EVENT SOURCING — THE PRIVILEGED MODEL FOR INDIRECTION — PART 3

  • You can read the part 1 here.
  • You can read the part 2 here.

In the last parts it was presented an evolutionary path towards an event driven architecture to support multiple read models. We ended with an architecture with a relational database that supports write operations where the business invariants are ensured, an event queue, a broker to dispatch messages, and an Integrator to update changes to read-only databases (Image 1). In this part 3 It will be presented an Event Sourcing alternative and be discussed some nuances in the adoption of such solution.

Image 1 — Final Architecture from part 2.

Event Sourcing is a radically different way to persistence. An object state is persisted by storing the sequences of state changing events.
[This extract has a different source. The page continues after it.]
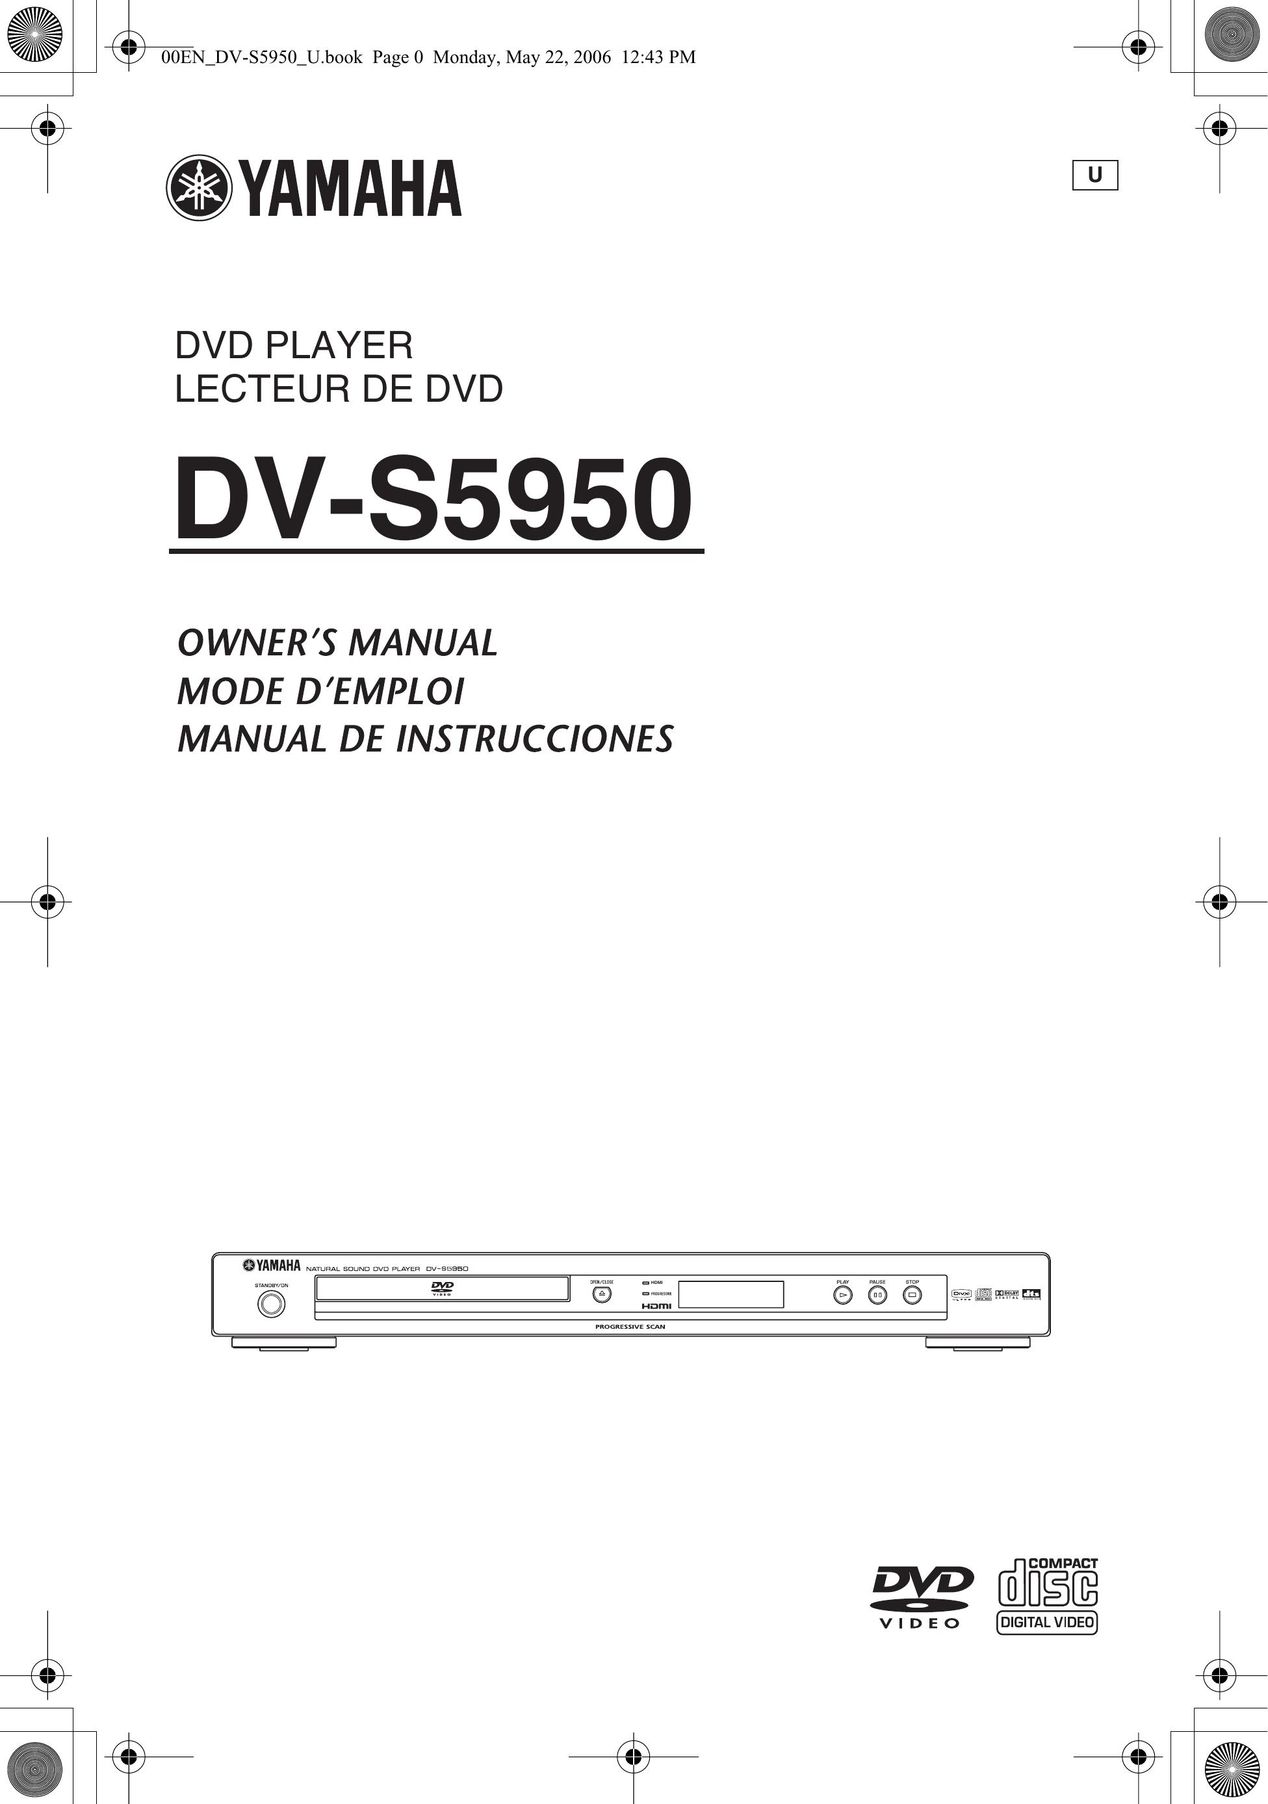 Yamaha DV-S5950 DVD Player User Manual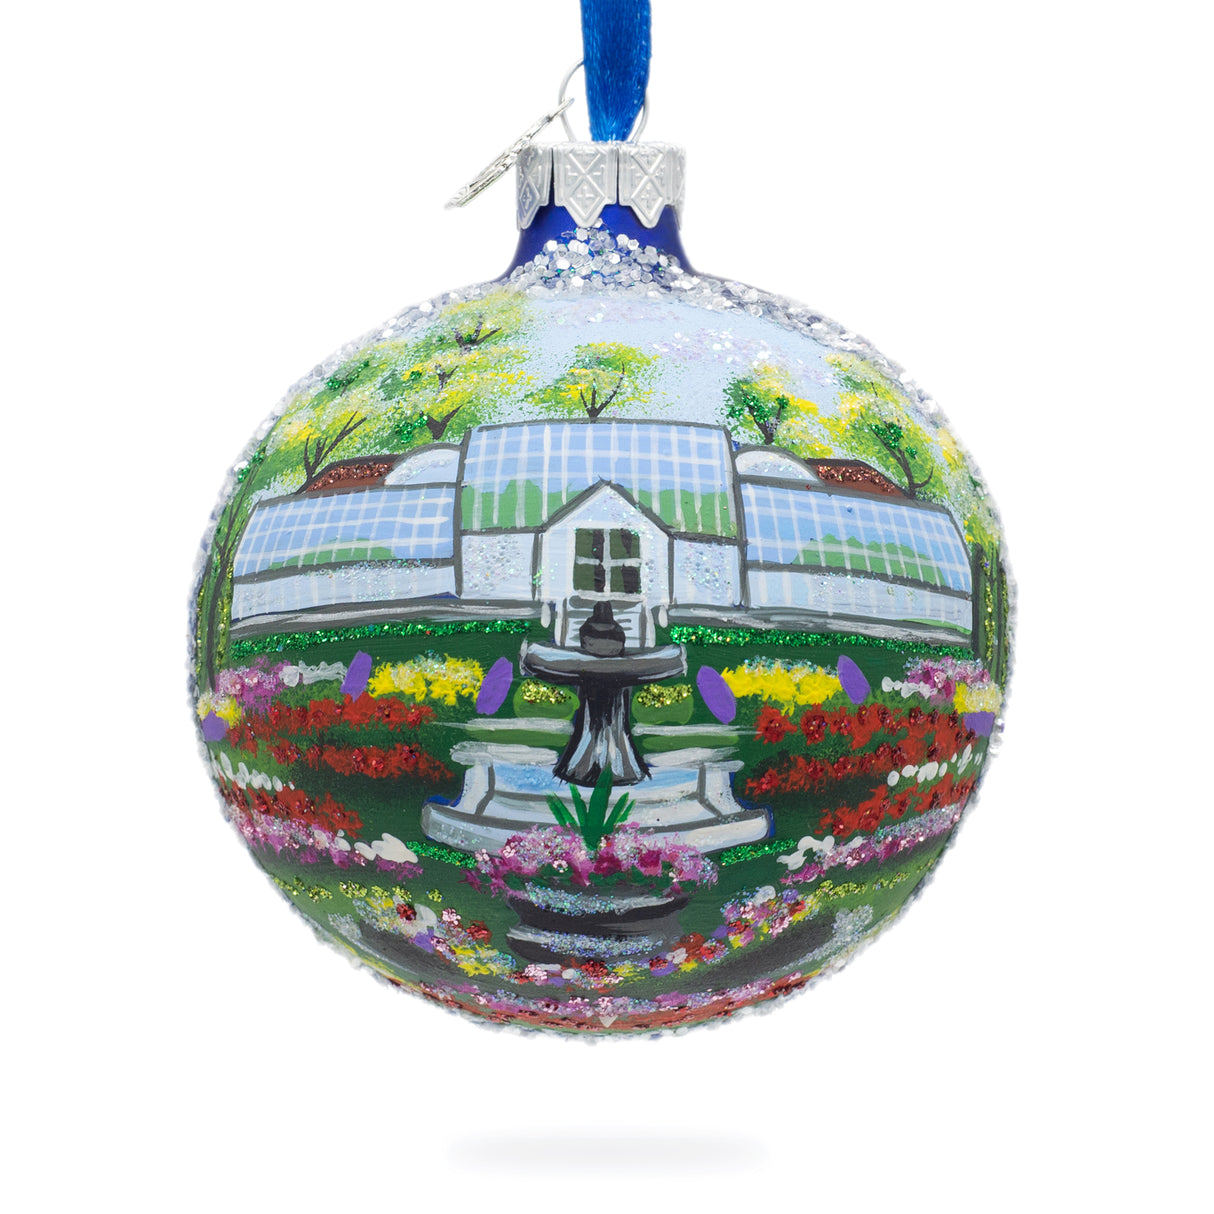 Glass Manito Park, Spokane, Washington, USA Glass Ball Christmas Ornament 3.25 Inches in Multi color Round

The realization of an Event Sourcing model is very simple, just use the state change events as the persistence model.

Abandoning the relational representation of the state allows to simplify the write model because we only need to maintain the event model instead of two different models. Using events as the state of the application has several implications in the code base. The first obvious change to note is the way the in-memory entities are hydrated. No more object-relational mapping is needed. An entity with the current state is no more than a projection of the event stream that can be created by a projector function: f(events) -> state. A naive implementation of a repository that hydrates an event sourced entity looks very much like this:

class HotelRepository
{
private readonly EventStreams _streams;

public Hotel Find(Guid id)
{
var events = await _streams.GetAllEventsFromStream(streamId:id);
var hotelState = new HotelState();

// projector
@events.LeftFold(hotelState, (state, evt) => state.Apply(evt));
return new Hotel(id, hotelState);
}
}

The HotelState class will handle the state change events, mutating the state to match the actual state representation:

class HotelState
{
private string _address;
private List<Room> _rooms;

public HotelState Apply(HotelCreated ev)
{
_address = ev.Address;
_rooms = rooms;
return this;
}

public HotelState Apply(RoomBooked ev)
{
var room = _rooms.Find(ev.RoomId);
room.Bookings.Add(ev.Booking);
return this;
}

public HotelState Apply(BookingCanceled ev)
{
var room = _rooms.Find(ev.RoomId);
var booking = room.Bookings.Find(ev.BookingId);
room.Bookings.Remove(booking);
return this;
}

// (...)
}

Using Event Sourcing allows a better decoupling between the entity model and the persistence model. It allows to evolve the entity model without any changes in the persistence model. The relational-entity mapping (huge) problem is gone. Adding new features and new events can be done by creating new events and extending or creating a new projection used as write model, no need to create data migrations or redesign the data model. Off course this is only true without breaking changes. If we want to change the Booking app to allow to manage a wine store, that is not possible, but it doesn’t make sense anyway. Sometimes event evolution may be needed. A lot can be said about event versioning, that subject will not be addressed here, but it is one of those matters that should be treated with care. Extending events has a lot of nuances that should be very well understood to be done with success. I recommend the book draft (still in progress) that Greg Young is being writing about the subject esversioning.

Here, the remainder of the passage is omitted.